I recently wrote how the world is less globalized than we suspect it is and how we now spend $88 billion a year in visa processing fees. What is not included in this figure is the extraordinary opportunity cost of time and inefficiencies imposed by the visa obtaining process. I recently experienced a telling experience which illustrates the differences between China and India.
OLX is present in both countries and I typically visit both countries every year. China unfortunately requires a visa for French citizens but has a very efficient process for obtaining and delivering it. You can pay a surcharge and obtain it the same day from their visa processing center on 12th avenue and 42nd street in New York. The processing center is very well staffed and even where there are many people in line, you rarely wait more than 30 minutes.
India by contrast makes it an ordeal to get a visa. I was supposed to keynote an Internet conference in Mumbai last December. I started going through the process in October. The application required my French birth certificate, notarized and apostilled in France, which as you can imagine is extremely difficult and time consuming to obtain from the US. It required a formal letter inviting me to India. It required a notarized copy of my visa for the US and copies of various bills proving my residence in the US. You then apply through a visa processing center where even the expedited process takes weeks during which they have your passport and you can’t travel anywhere!
You first apply online, which you need to do at least 5 times given the lack of proper instructions regarding specific requirements which seemingly vary on a case by case basis! To drop off the application you then have to wait in line for hours in front of the processing center. Several times, after waiting for 3+ hours they simply closed down the center saying there were too many people in line, asking us to come back again the next day!
Worse, it is basically impossible to get anyone on the phone at the visa processing center to get the status of your application. After several weeks of harassing them, they told me that my application was on hold because my new visa for the US was less than a year old and they would need notarized copies of all my past visas to prove the continuance of my US residency. I duly provided the required documentation and again waited for weeks before being told that because there was a gap of 6 weeks between two of my visas, I could not apply in the US and would have to apply at the Indian embassy in Paris! The fact that I live in the US and that I had no intent or reason to go to Paris did not dissuade them! By the time I finally got my passport back the conference had passed!
I pushed my trip back to late January, asked a good friend of mine in India to write a letter saying he was looking forward to hosting me during my vacation there and reapplied for a tourist visa. This time I had all the documents on hand and two weeks later, I had my visa.
Granted it is hard for Indians to get European and American visas, but imposing “reciprocity” with such complexity is insane and self-defeating, especially if it is the representation of Indian bureaucracy in general! Driving through the streets of Shanghai and Delhi, you can’t help but wonder how less stark the contrast would be if India streamlined its bureaucracy!
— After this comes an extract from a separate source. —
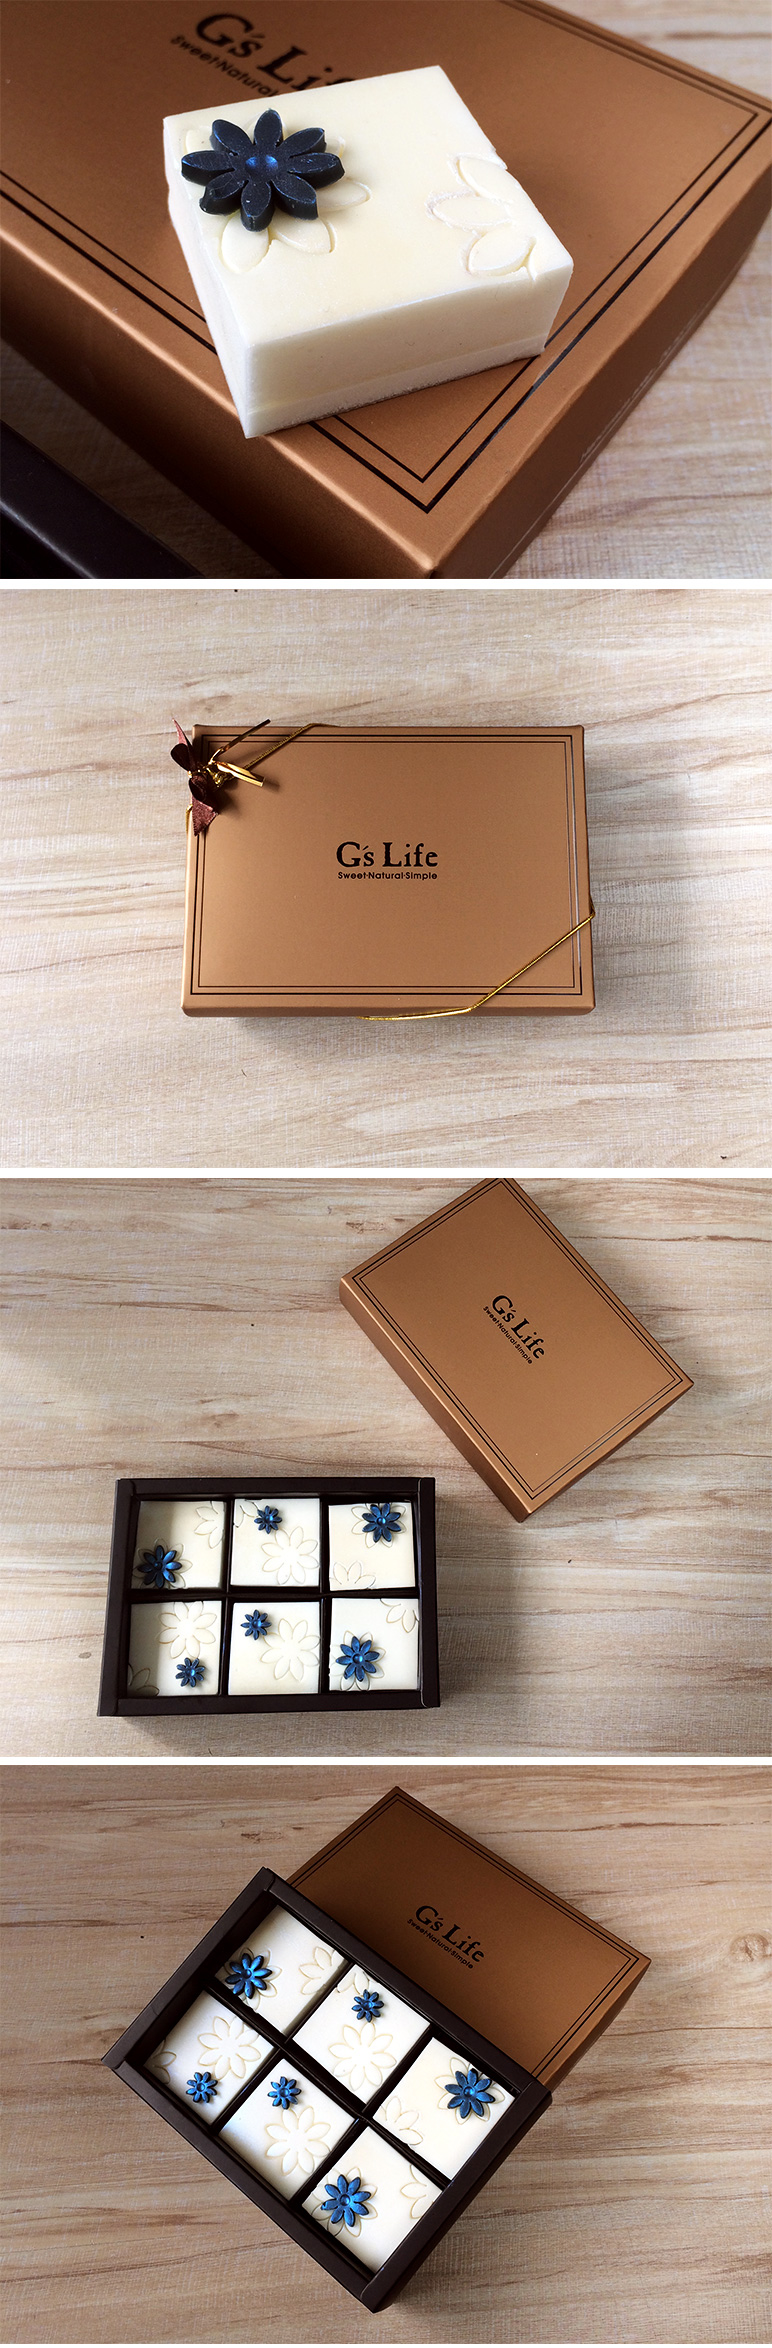 【4/9~5/12母親節現貨特惠】G’s Life 珍珠花兒‧六入方塊巧克力香皂禮盒

It’s weird because I had no issue to have a turist visa, multiple entries for 5 years, for India
Lesson learned: apply for a tourist visa, not a business visa
without the bureaucracy…what could be…what could have been…is a thesis by itself…I have actually forwarded your article to some friends who work in the bureaucracy in India!!
Cheers, Chandradev
We (my wife & I) are Indian nationals living in DC metro are for past 7 years. We went through the worst nightmare when my wife applied for a new passport (name change) at the Indian embassy in Washington DC. If I write the whole experience it would be twice the size of your article. Brief summary
1.) We were asked to produce our marriage certificate in English (certificate was in Hindi, which is the official national language of India).
2.) Embassy lost the passport asked us to apply for the new passport then old passport can in the mail after 4 months.
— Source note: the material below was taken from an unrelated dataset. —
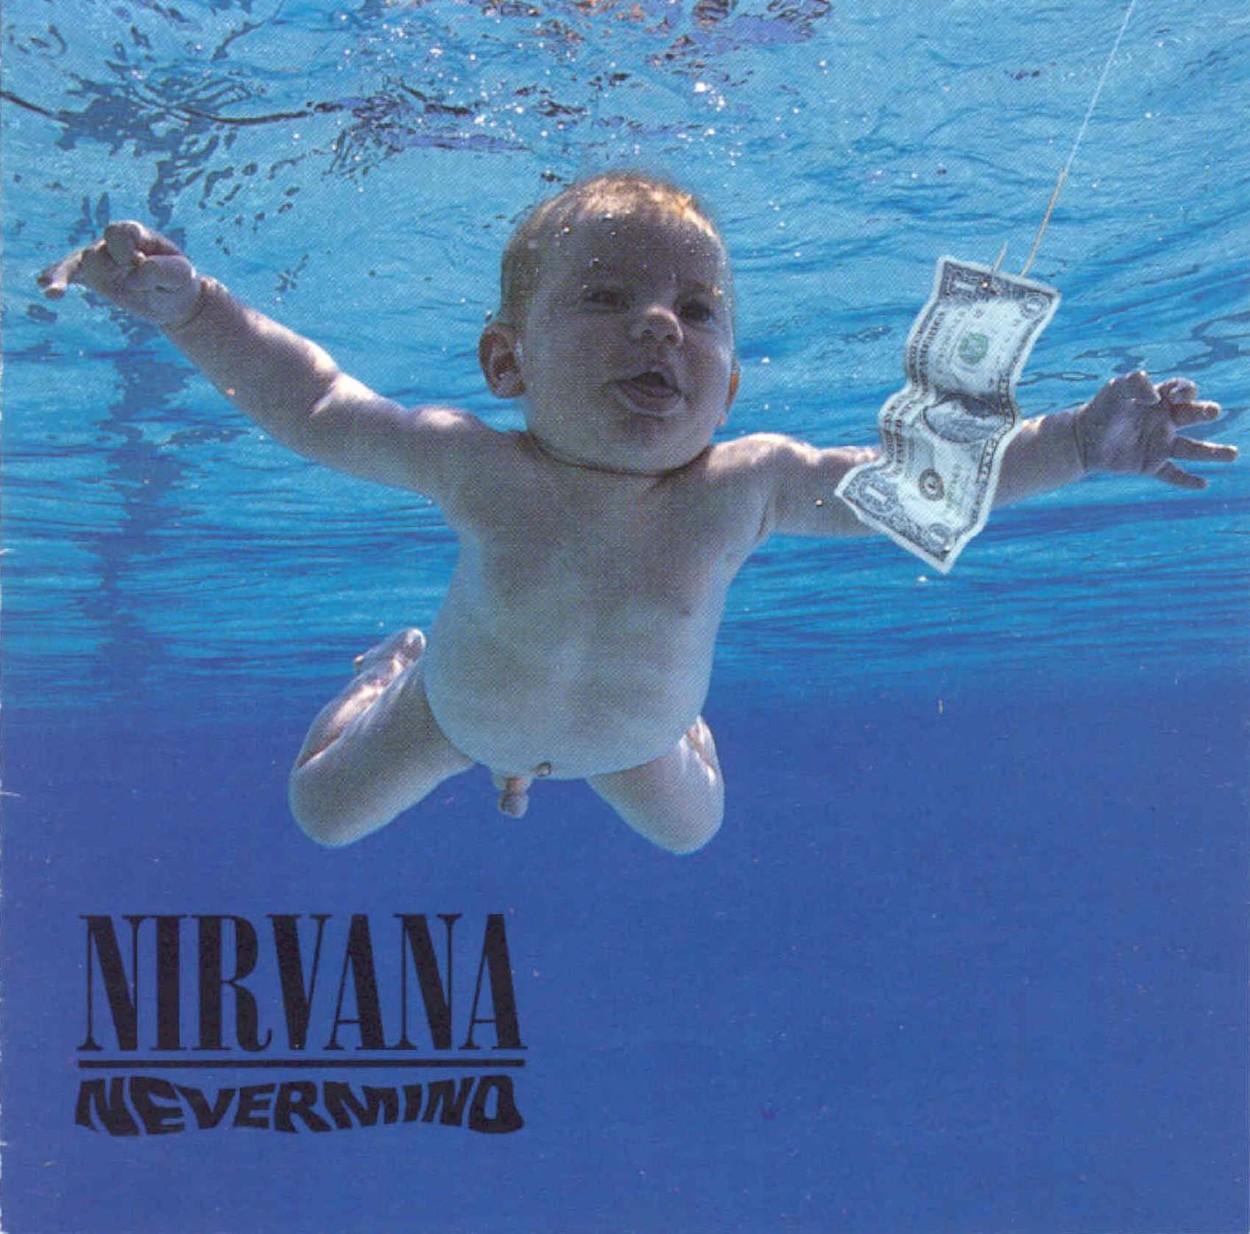 Spencer Elden este bărbatul care a dat în judecată trupa Nirvana. El a apărut pe coperta albumului "Nevermind" când era bebeluș

3.) After going through horrible pain and misery in the end when we received the passport one of the officer asked my wife that he should be “awarded” (bribe) for helping her.
I was ashamed and felt sad after all I am also an Indian.
They’re simply worried that you may start taking jobs from other Indians, and instead use your application as a way of creating employement. 🙂
Yes, the Chinese government might be more efficient, but I agree with the reciprocity of the Indian consulates. I, as an Indian, have had much worse experiences while getting my US visas. By the way, registering a company in India is much faster than in the U.S. It took me 10 minutes and $11 (INR 500) to get it done over here in Bangalore whereas in Wisconsin it had taken me 7 days and $180 to get my registration certificate.
I think it is for political convenience or political correctness that we in the west always piggyback India when we talk about China’s economics miracle. This is because China is a country with a political system that we do not agree to while India follow our example of democracy. When we have to discuss China’s achivements, we have to say, “China, a communist country, is doing extremely well, but India, a democracy is also doing well.”. However, we all know India is so much behind China.